Вместе ели, вместе водку пили, в одном номере ночевали порой. Не гнушался режиссер и руками поработать, помочь экипажу, если что, — не отсиживался в сторонке с камерой. Летчики платили душевному человеку той же монетой. Вот и сейчас Петров искренне обрадовался встрече.

— Телефончик-то оставь, Валера, — перешел он тоже на «ты» по старой памяти. — Я, правда, в круиз собрался по Волге, давно хотел Россию посмотреть, а то все по заграницам, уж забыл, как родина выглядит. Да и изменилось все сильно!

— Не так уж и сильно! — махнул рукой Иванов. — Это, Андрей, на поверхности — то глянец, то ржавчина, а внутри все пока еще цело, сам увидишь. Не без проблем, конечно, но русский народ переделать — это только на первый взгляд просто, — он коротко хохотнул, затягиваясь на ветру сигаретой и поперхнувшись крепким дымком. — Круиз — это здорово! Я тоже хочу! Вот вернемся с Катей из командировки и тоже махнем, если только навигация к тому времени не кончится.

Из окна «Вольво», подвинувшись к правой стороне на заднем сидении, выглядывала любопытно и весело рыжеволосая молодая дама в скромном деловом костюме.

— Катя моя! Жена! — гордо как-то провозгласил Валерий Алексеевич и помахал рукой, — сейчас-сейчас, успеем! — Он снова обернулся к Петрову, — Как вернемся, встретимся, приедешь к нам в гости, познакомитесь с Катей, как следует. А сейчас, извини, спешим в аэропорт.

— Далеко собрались? — вежливо поинтересовался Андрей Николаевич.

— Война же у нас, Андрюша! Война. Ты что, не в курсе?

— Неужто ввязались? — недоверчиво и все же с надеждой посмотрел на журналиста Петров.

— Слава Богу! По полной программе! 58-я армия скоро погонит «грызунов» из Цхинвала. Уже два часа как наши танки прошли перевал. Конечно, не то, что война — слава Богу, а то, что не отмолчались, не отступили в очередной раз. Это самое значимое событие со времен перестройки Андрюша! Сейчас судьба мира решается — вот вспомнишь мои слова! Легче не будет, будет труднее, но сейчас даже от этого легче! Конечно, будут еще попытки откатиться назад, снова с Западом задружиться, но только этих слов из истории, как из песни, уже не выкинешь!

Петров помрачнел, сбил ногтем огонек с окурка, поискал взглядом и выщелкнул бычок в сливную решетку на асфальте.

— Я политикой не интересуюсь, Валера, ты же знаешь.

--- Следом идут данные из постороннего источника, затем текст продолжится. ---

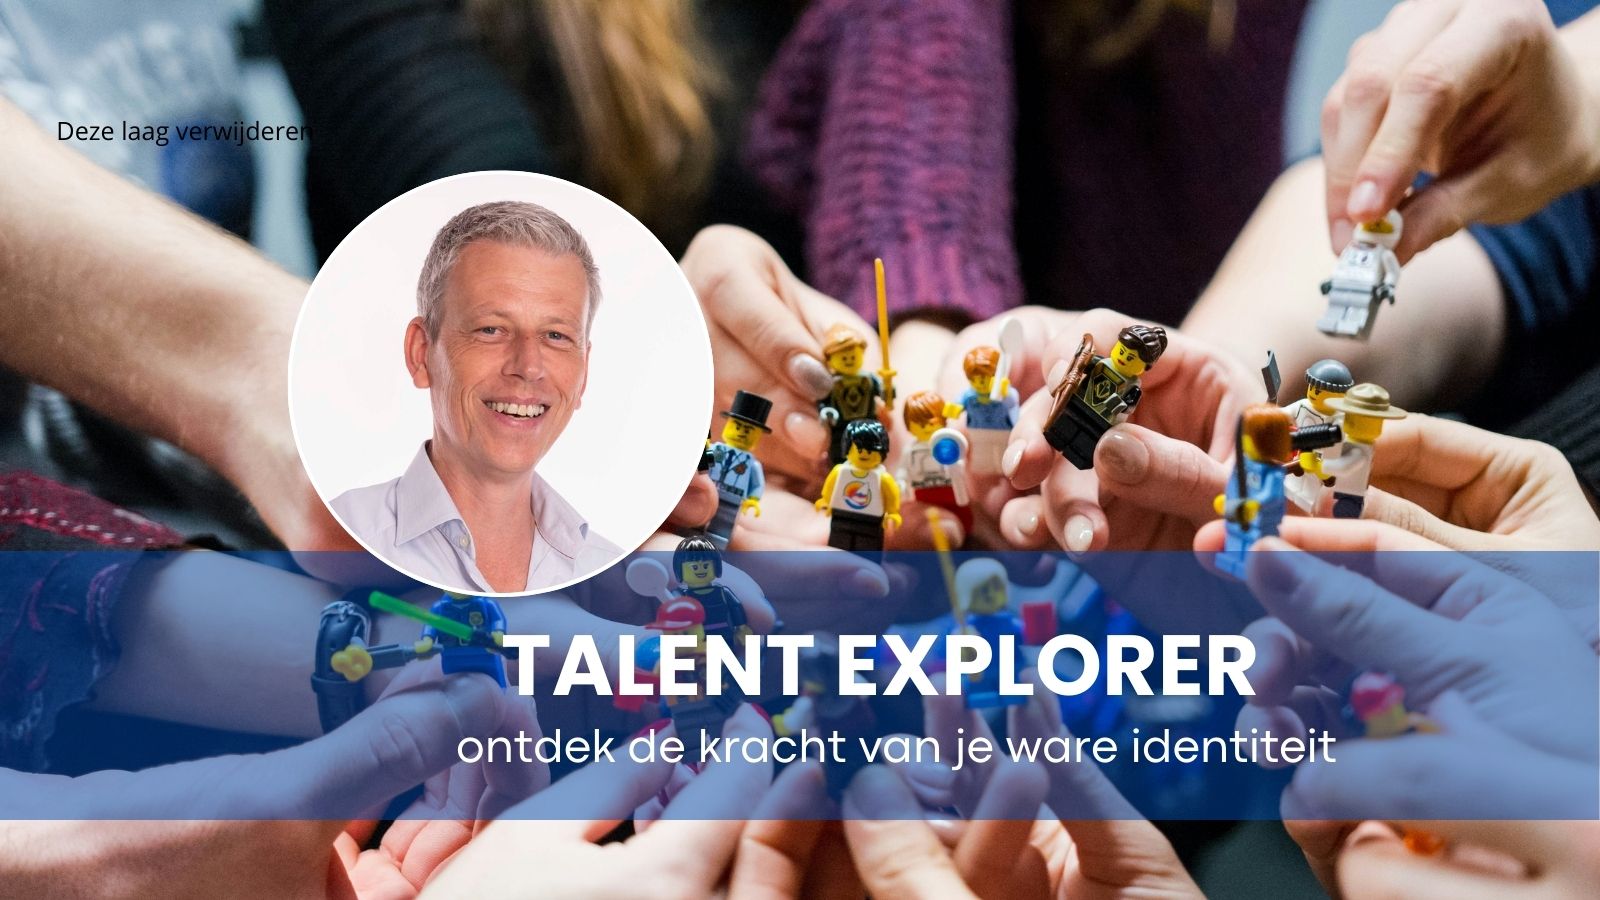 Bedrijfsuitje Middelburg: Talent explorer

Так вы что, на Кавказ?

— Во Владикавказ, точнее. На фронте мне делать нечего, — под ногами мешаться. Но рядом быть надо. Нынешние «кадры» телевизионные, к сожалению, не то, что слова забыли, они даже знать не знают тех слов, что сейчас в эфире потребуются. У них головы так устроены, что воевать на информационном фронте за русских язык даже за большие деньги не поворачивается. Как ни стараются, а все выходит как в первую чеченскую. Или предательство, или глупость, или пошлость.

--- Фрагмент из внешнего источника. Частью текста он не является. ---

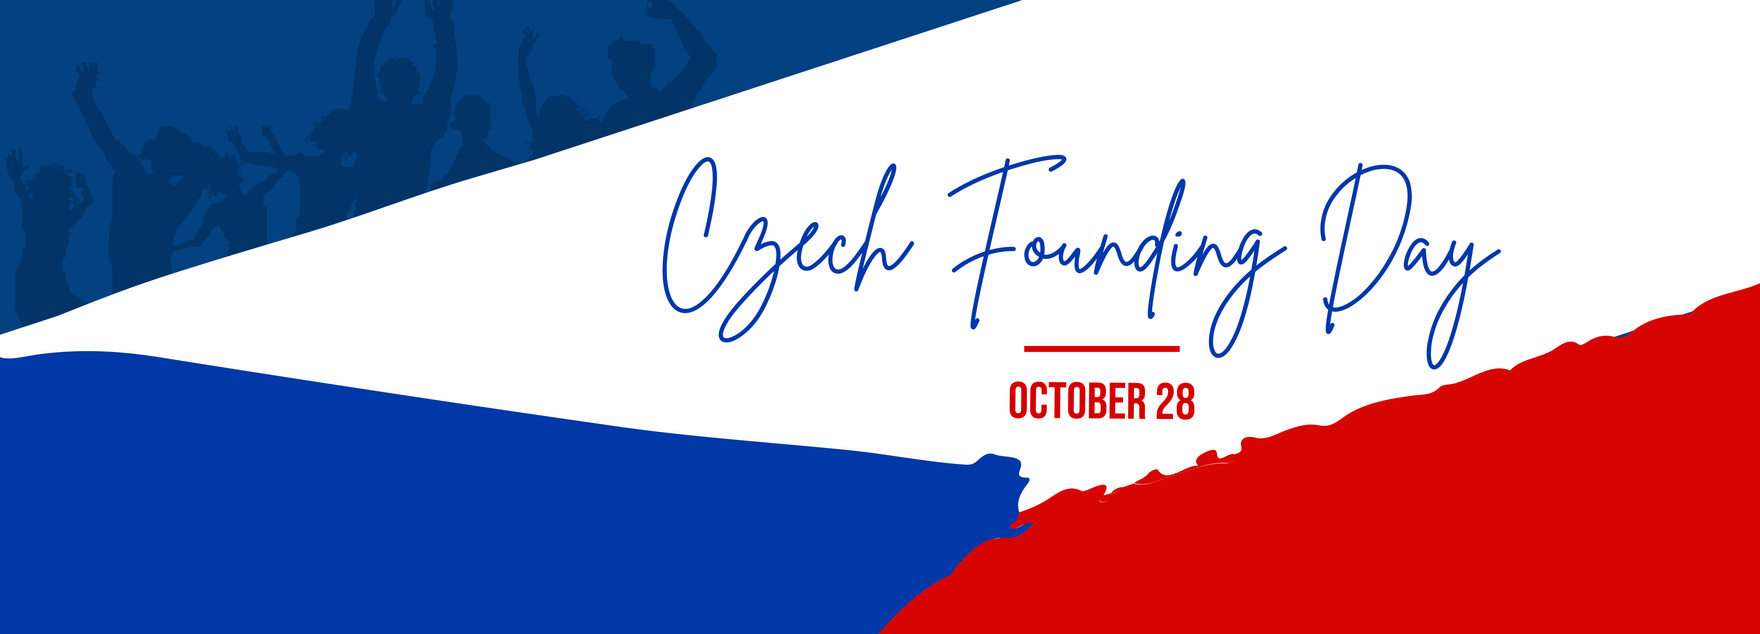 Czech Founding Day Banner in Illustrator, PSD, EPS, SVG, JPG, PNG

Иванов коротко матернулся и протянул Петрову мягкую сильную лапу:

— Ну, рад был встретиться! Вернешься из круиза — позвони обязательно, вот визитка. Или по «мылу» черкни хотя бы, нельзя нам, русским, терять друг друга. Даже в России. Особенно в России!

— Береги себя, Валерий Алексеевич! Позвоню обязательно! Ангела-хранителя в дорогу!

— И тебе тоже, Андрей! Давай, радист, до связи!

Иванов ловко переместился обратно в машину, и «Вольво» тут же мягко рванула с места, быстро набирая скорость и перестраиваясь. Таксист как раз захлопнул капот, облегченно кивнул Петрову на свою желтую «Волгу»: «Поехали!».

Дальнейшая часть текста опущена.